– Если я останусь здесь, в этой клетке, думаю, меня убьют.
– Так я видел во сне. Сильный выдох, и свеча гаснет.
Я отважилась взглянуть на свой замысел краешком мысленного взора. Как много сны рассказали Прилкопу обо мне? Знает ли он, что я задумала?
– Думаешь, мне лучше остаться тут?
Он тяжело вздохнул:
– Я лишь говорю, что, возможно, есть путь, о котором ты не подумала. Возможно, тебе стоит посмотреть, к чему приведет этот выбор. – И он едва слышно добавил: – Для нас не всегда так уж важно остаться в живых. Главное, как будет лучше для всего мира.

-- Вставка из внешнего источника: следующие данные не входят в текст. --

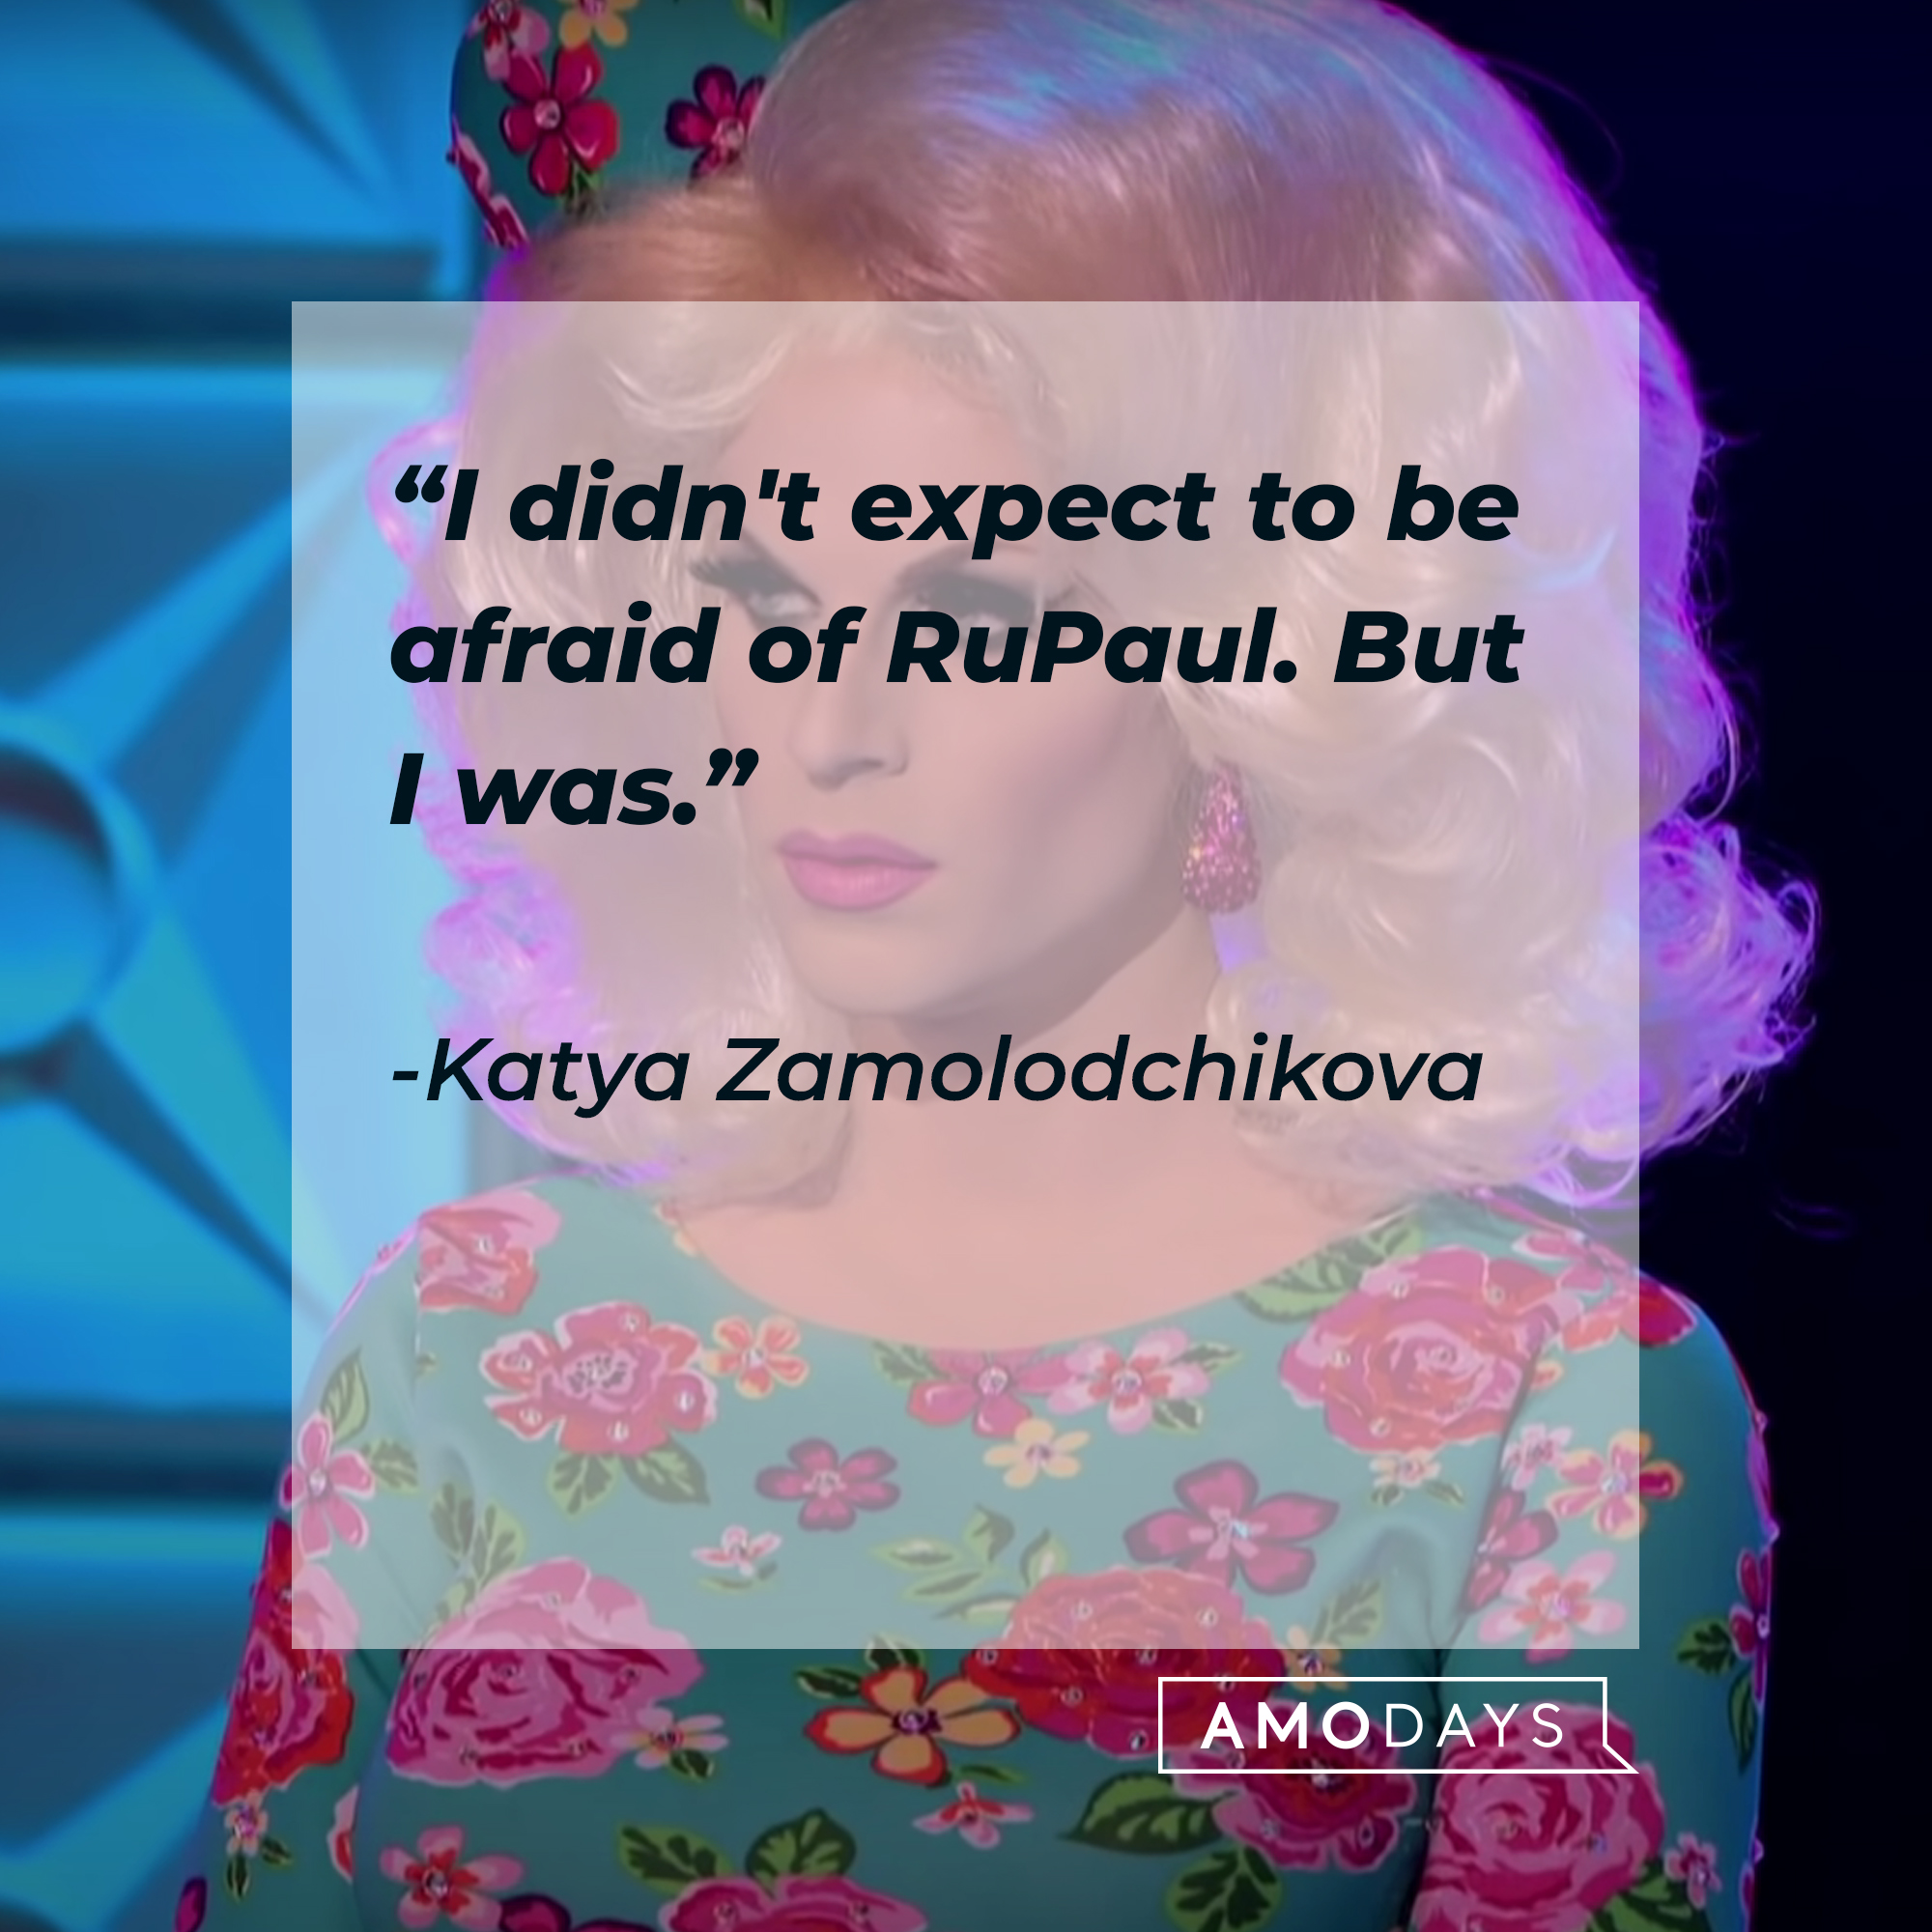 Katya Zamolodchikova, with her quote: “I didn't expect to be afraid of RuPaul. But I was.” | Source: youtube.com/rupaulsdragrace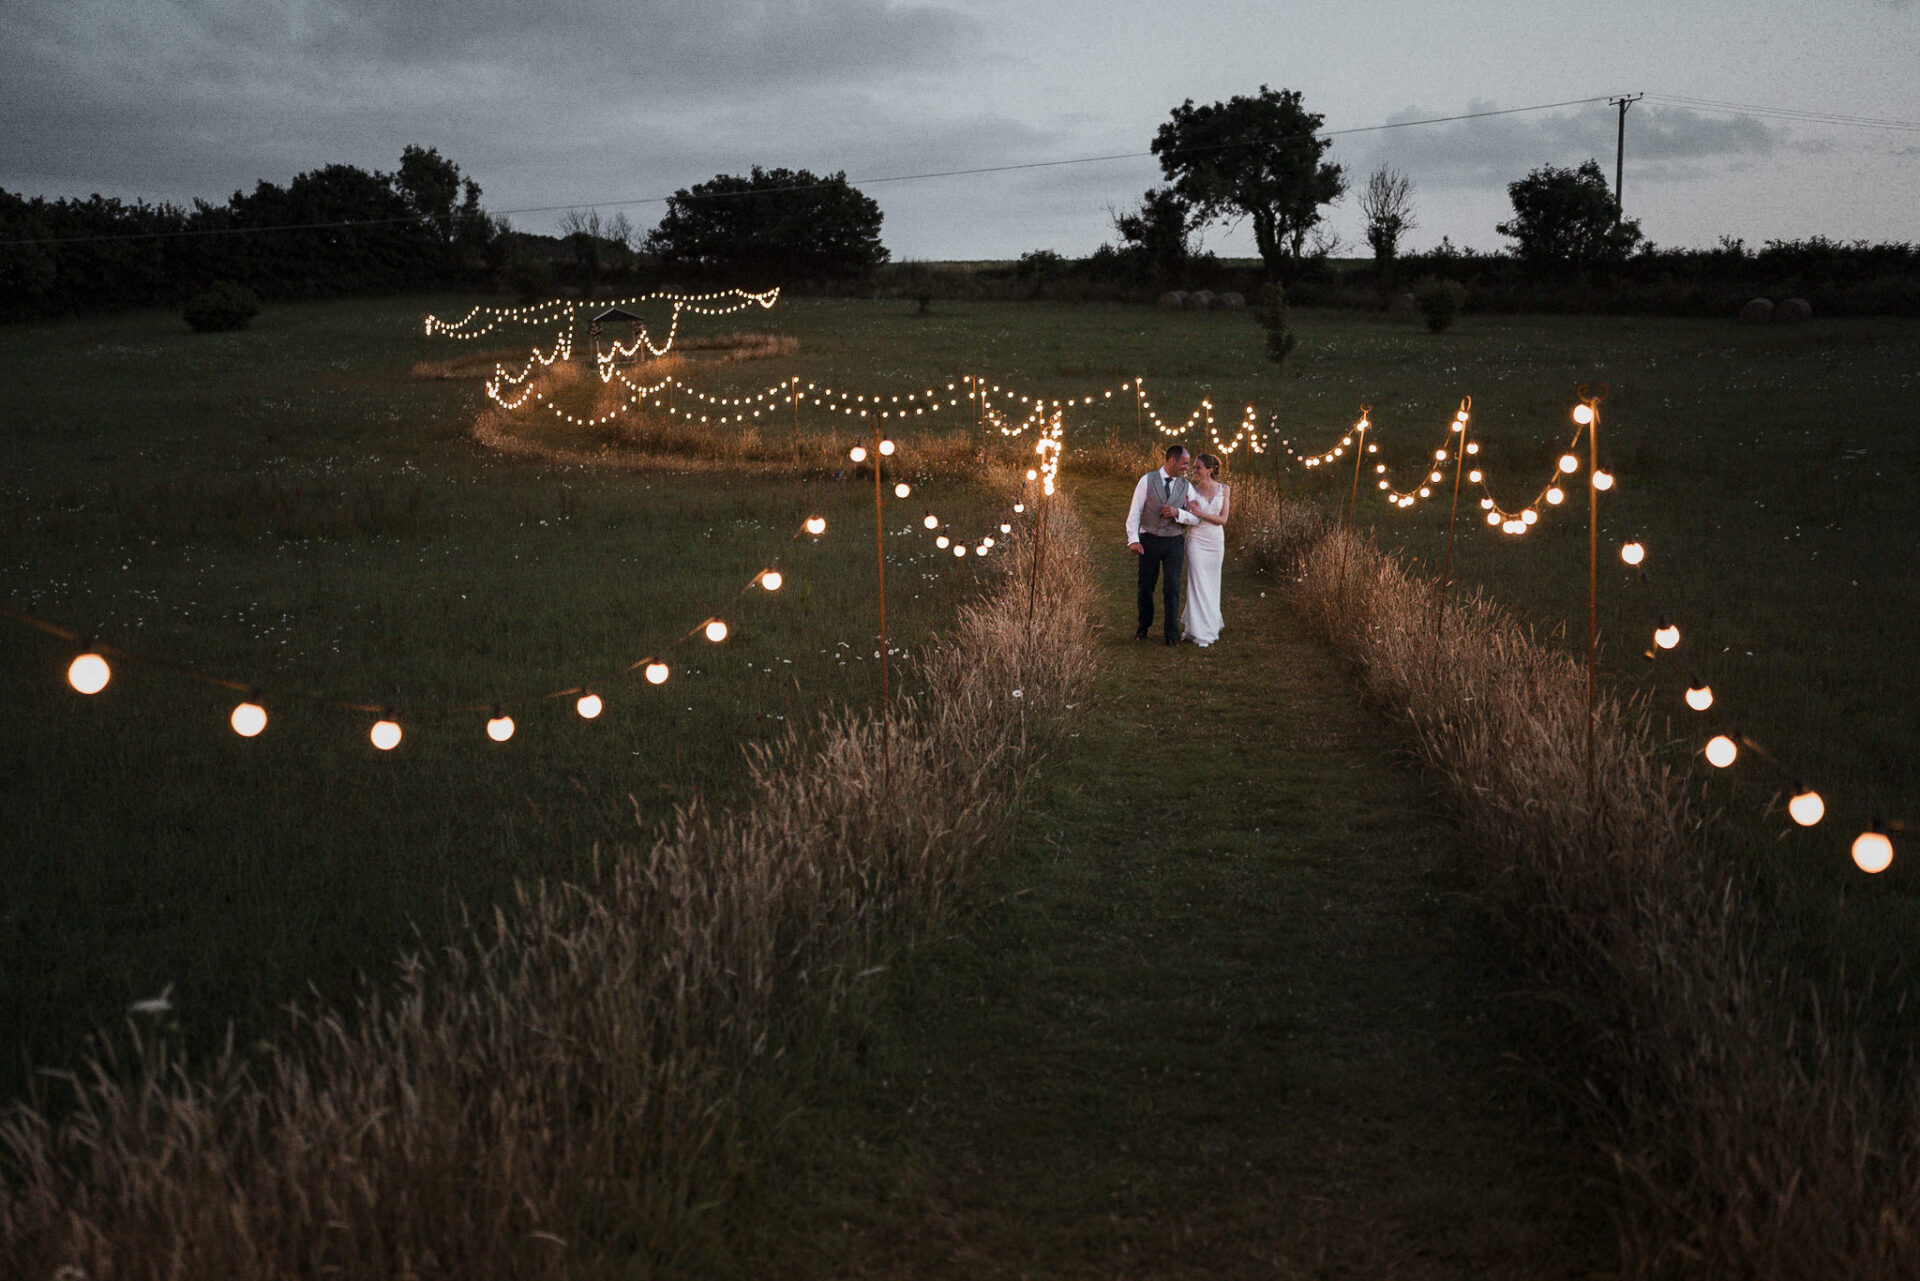 A recent wedding with a bride and groom standing in a field with string lights.

– Виндлайер говорил, он чувствует, когда он на верном Пути. И теперь я тоже это чувствую. Мне кажется, это правильный Путь, Прилкоп.
– Очень много чего кажется правильным, когда мы этого хотим.
– Что я делала в твоих снах?
По его голосу я поняла, что он улыбается.
– Я видел множество разных путей, которые ты можешь избрать. Одни более возможные, другие менее. – И Прилкоп снова прошептал мне давешний стишок:
Серебряный корабль, пестрая птица – что же пробудится?
Один станет двумя, а двое – одним, прежде чем свершится.
Я по-прежнему не понимала, что все это значит.
– Я же говорила, у меня нет птицы, и корабля тоже. Прилкоп, просто скажи… я изменю будущее?
– Ах, дитя! Мы все его меняем. В этом и опасность, и надежда для мира. В том, как каждый из нас меняет будущее день за днем. – Мне показалось, он печально улыбнулся за стеной. – Одни – больше, другие – меньше.
– Что это? – спросила я, потому что раздался звук. Точнее, целый каскад звуков: глухой удар, сдавленный вскрик, снова удар, уже громче.
Я затаила дыхание, прислушиваясь. Прилкоп отдернул свою руку – должно быть, забился в дальний угол, где стоял его стол.
Дверь в конце коридора открылась. Я приподнялась и села на край топчана. Шаги, раздавшиеся в проходе, были легкие-легкие. Я ждала.
И тут раздался шепот, тихий, как дыхание ветерка:
– Прилкоп? Ты жив? Ты жив!
– Кто здесь? – спросил Прилкоп. Голос его был исполнен подозрительности.
– Друг! – Послышался смех, мягкий, как первые капли дождя. – Друг, который кутается в твой подарок. У меня есть ключи надзирателя. Я выведу тебя отсюда!
Металл тихо заскреб о металл.
– Любимый? Это ты? – В словах Прилкопа звучало ликование.
– Да. И я счастлив, что нашел тебя, однако мне нужно разыскать еще кое-кого. Малышку, девочку по имени Би.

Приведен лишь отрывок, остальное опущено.